Among the entries below, find the line with "Butterkist Crunchy Toffee", then quote it and each following line up to and including the line with "Bio-Oil Skincare Oil, Body", and nothing else.
== Segment start ==
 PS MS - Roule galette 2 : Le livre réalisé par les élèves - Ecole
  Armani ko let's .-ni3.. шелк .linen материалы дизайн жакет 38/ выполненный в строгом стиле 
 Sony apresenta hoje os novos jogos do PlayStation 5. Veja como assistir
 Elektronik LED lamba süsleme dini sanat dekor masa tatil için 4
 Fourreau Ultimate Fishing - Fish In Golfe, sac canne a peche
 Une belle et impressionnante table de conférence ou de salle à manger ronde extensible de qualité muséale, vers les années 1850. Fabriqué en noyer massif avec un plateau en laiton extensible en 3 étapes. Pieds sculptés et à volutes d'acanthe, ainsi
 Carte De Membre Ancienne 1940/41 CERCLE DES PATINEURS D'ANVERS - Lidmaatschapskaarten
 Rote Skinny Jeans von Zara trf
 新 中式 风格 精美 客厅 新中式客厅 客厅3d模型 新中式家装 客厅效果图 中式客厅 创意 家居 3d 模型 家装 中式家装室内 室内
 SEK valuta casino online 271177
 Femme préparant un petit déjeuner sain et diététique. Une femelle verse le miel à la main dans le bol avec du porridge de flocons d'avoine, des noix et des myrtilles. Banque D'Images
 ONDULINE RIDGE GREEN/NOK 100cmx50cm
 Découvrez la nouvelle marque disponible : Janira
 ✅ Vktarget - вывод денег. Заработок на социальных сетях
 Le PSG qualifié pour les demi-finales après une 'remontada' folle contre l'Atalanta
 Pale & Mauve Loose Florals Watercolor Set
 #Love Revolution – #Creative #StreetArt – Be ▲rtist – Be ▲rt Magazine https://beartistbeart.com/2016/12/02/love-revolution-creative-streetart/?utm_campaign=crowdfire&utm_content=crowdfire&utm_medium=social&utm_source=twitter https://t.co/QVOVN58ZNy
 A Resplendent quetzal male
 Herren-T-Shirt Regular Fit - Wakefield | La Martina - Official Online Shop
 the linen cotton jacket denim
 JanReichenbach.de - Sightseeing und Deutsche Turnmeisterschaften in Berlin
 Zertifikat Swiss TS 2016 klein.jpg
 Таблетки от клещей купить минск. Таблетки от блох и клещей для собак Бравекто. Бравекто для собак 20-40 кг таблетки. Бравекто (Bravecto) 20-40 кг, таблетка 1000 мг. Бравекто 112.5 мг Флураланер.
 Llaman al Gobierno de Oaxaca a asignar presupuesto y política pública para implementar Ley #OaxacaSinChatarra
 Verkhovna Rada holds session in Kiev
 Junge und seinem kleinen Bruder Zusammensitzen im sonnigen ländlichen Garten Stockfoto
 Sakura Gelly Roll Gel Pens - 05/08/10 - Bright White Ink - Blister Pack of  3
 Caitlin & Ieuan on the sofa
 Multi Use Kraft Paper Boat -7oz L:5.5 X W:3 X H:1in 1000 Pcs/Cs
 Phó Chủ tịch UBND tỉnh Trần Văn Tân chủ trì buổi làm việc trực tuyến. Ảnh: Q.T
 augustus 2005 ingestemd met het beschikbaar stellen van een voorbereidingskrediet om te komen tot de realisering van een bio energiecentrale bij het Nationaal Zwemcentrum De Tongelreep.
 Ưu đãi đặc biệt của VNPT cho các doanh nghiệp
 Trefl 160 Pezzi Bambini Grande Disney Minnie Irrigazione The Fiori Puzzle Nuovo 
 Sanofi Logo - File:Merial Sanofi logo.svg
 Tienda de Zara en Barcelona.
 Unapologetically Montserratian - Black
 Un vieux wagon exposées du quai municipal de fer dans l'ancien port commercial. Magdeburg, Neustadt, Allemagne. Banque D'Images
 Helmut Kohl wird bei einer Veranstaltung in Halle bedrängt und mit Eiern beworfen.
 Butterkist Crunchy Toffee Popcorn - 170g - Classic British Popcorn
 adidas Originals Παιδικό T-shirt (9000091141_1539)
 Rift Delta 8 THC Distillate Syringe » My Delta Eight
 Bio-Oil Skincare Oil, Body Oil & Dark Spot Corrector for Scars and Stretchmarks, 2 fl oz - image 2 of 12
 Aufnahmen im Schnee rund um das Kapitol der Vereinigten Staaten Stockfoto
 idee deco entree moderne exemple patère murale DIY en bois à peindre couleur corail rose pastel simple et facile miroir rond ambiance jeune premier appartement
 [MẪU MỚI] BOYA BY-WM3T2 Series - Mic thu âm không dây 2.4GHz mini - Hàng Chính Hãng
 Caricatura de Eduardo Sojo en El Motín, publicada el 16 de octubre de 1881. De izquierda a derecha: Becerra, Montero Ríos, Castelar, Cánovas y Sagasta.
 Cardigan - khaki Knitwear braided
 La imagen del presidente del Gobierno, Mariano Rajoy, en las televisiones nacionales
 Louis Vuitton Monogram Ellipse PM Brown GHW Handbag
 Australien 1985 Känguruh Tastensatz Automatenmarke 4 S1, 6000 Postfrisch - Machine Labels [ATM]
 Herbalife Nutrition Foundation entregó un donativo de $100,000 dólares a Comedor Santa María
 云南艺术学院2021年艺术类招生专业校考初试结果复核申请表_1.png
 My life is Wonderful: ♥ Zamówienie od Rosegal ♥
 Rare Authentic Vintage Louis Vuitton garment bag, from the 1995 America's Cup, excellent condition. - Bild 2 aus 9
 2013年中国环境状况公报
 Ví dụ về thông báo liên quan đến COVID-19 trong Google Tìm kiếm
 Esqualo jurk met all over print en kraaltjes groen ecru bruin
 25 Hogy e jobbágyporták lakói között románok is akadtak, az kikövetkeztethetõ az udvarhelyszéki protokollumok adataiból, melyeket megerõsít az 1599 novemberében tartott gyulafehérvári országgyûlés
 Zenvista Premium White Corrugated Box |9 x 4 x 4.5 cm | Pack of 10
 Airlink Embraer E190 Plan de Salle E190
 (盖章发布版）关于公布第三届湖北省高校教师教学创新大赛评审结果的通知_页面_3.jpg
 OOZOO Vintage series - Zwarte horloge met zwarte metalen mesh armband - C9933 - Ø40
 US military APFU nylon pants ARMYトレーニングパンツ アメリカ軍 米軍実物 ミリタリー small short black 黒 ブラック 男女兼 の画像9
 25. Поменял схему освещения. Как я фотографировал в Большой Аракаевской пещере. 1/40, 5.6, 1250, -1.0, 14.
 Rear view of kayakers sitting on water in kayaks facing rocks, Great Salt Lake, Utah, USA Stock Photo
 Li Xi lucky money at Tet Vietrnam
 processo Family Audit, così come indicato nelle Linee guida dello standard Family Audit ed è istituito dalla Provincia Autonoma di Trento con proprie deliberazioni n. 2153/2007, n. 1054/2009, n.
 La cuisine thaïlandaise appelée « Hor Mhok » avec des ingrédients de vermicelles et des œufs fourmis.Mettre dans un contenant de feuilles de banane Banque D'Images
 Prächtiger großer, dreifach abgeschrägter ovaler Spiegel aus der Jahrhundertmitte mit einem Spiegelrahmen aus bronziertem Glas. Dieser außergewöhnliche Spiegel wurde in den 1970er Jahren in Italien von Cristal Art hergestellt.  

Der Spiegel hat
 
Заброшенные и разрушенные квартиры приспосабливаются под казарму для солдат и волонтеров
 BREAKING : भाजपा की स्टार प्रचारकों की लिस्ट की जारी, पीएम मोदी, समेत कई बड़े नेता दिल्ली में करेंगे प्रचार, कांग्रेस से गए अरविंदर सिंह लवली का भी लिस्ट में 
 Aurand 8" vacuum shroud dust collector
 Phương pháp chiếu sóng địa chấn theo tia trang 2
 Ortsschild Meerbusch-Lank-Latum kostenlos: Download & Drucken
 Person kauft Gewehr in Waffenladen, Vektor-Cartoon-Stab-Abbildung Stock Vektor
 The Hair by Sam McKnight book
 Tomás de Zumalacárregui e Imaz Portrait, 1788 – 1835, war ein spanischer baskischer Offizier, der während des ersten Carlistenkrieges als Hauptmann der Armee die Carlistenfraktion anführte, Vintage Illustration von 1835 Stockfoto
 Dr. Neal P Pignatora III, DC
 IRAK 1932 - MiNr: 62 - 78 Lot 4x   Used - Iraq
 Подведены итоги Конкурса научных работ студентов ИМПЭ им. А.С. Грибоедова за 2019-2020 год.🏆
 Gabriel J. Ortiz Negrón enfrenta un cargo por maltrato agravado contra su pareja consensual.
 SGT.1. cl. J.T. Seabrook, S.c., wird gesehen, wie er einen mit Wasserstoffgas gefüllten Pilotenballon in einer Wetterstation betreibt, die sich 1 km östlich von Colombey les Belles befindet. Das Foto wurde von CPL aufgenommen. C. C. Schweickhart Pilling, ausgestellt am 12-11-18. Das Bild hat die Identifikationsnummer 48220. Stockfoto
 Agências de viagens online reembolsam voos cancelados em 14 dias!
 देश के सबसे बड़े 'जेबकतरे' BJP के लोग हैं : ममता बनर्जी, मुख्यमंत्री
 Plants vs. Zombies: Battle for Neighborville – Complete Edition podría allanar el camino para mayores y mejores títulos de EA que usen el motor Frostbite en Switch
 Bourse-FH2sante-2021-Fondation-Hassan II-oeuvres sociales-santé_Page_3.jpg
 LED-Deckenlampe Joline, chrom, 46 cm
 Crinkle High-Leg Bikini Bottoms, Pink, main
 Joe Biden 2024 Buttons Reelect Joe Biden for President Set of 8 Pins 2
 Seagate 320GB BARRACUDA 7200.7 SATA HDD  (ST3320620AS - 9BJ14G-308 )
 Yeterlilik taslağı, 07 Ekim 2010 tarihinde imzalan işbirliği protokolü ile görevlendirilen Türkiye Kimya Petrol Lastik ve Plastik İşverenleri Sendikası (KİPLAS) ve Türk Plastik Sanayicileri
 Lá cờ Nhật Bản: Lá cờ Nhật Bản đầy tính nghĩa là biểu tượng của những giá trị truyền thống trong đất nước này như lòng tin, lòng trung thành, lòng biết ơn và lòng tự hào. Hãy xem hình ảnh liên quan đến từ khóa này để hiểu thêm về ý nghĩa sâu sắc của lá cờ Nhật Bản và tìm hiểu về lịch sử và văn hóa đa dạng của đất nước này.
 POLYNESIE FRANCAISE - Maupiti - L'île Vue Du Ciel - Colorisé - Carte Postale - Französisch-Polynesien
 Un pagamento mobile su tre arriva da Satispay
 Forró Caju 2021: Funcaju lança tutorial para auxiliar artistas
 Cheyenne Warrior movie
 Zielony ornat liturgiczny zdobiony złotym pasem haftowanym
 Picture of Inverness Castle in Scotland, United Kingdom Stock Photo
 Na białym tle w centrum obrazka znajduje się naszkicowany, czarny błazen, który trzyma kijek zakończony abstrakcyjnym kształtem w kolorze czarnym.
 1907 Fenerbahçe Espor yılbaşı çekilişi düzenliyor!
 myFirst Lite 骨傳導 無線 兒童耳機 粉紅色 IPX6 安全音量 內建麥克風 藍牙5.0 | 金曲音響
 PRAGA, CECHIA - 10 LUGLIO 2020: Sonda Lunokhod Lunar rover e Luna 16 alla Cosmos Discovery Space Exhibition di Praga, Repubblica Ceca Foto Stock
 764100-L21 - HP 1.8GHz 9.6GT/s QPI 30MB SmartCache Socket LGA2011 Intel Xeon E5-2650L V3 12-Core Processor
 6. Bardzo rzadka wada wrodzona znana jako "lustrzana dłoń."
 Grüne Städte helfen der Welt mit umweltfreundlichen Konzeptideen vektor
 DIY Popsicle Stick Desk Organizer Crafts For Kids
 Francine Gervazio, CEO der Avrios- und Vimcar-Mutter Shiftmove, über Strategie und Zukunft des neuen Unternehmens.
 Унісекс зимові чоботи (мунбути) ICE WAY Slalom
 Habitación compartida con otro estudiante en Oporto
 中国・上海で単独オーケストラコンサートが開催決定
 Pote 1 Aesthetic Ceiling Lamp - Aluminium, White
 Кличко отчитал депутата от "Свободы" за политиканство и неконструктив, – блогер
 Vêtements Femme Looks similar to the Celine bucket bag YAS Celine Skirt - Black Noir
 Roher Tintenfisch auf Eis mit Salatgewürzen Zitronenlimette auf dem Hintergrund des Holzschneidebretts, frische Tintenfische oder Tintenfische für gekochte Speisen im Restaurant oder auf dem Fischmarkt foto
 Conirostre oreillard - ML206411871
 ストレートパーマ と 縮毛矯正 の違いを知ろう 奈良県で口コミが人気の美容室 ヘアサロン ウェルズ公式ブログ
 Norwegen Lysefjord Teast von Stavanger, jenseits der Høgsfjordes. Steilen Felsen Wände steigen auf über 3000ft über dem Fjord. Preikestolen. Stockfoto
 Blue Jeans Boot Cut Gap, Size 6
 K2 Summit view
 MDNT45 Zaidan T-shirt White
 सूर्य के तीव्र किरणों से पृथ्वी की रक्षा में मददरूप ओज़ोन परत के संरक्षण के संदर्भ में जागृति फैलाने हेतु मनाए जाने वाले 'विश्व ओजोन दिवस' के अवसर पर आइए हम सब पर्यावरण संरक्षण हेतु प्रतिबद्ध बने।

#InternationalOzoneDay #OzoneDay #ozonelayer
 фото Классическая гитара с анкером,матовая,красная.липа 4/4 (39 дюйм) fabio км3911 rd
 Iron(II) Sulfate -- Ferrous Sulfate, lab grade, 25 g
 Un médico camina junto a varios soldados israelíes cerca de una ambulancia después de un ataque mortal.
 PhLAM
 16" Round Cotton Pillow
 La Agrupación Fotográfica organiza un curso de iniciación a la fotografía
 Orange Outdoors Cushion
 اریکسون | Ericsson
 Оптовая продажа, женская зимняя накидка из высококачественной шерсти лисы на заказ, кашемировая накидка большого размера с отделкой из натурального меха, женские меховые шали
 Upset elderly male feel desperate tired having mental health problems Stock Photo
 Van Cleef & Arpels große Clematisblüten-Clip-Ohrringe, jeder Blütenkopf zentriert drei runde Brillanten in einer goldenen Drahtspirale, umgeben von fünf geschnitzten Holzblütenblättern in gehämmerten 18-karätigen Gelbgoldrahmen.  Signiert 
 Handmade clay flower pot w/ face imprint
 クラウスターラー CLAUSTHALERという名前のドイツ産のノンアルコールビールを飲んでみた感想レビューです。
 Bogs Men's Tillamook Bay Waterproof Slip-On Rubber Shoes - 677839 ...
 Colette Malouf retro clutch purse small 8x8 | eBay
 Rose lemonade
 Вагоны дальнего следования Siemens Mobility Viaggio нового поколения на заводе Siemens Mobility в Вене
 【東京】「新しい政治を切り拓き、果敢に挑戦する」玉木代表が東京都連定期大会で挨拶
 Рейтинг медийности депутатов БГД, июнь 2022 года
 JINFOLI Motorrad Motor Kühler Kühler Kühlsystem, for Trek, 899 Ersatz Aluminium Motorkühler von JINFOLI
== Segment end ==
* [ANSWER FOR THE TASK]
 Butterkist Crunchy Toffee Popcorn - 170g - Classic British Popcorn
 adidas Originals Παιδικό T-shirt (9000091141_1539)
 Rift Delta 8 THC Distillate Syringe » My Delta Eight
 Bio-Oil Skincare Oil, Body Oil & Dark Spot Corrector for Scars and Stretchmarks, 2 fl oz - image 2 of 12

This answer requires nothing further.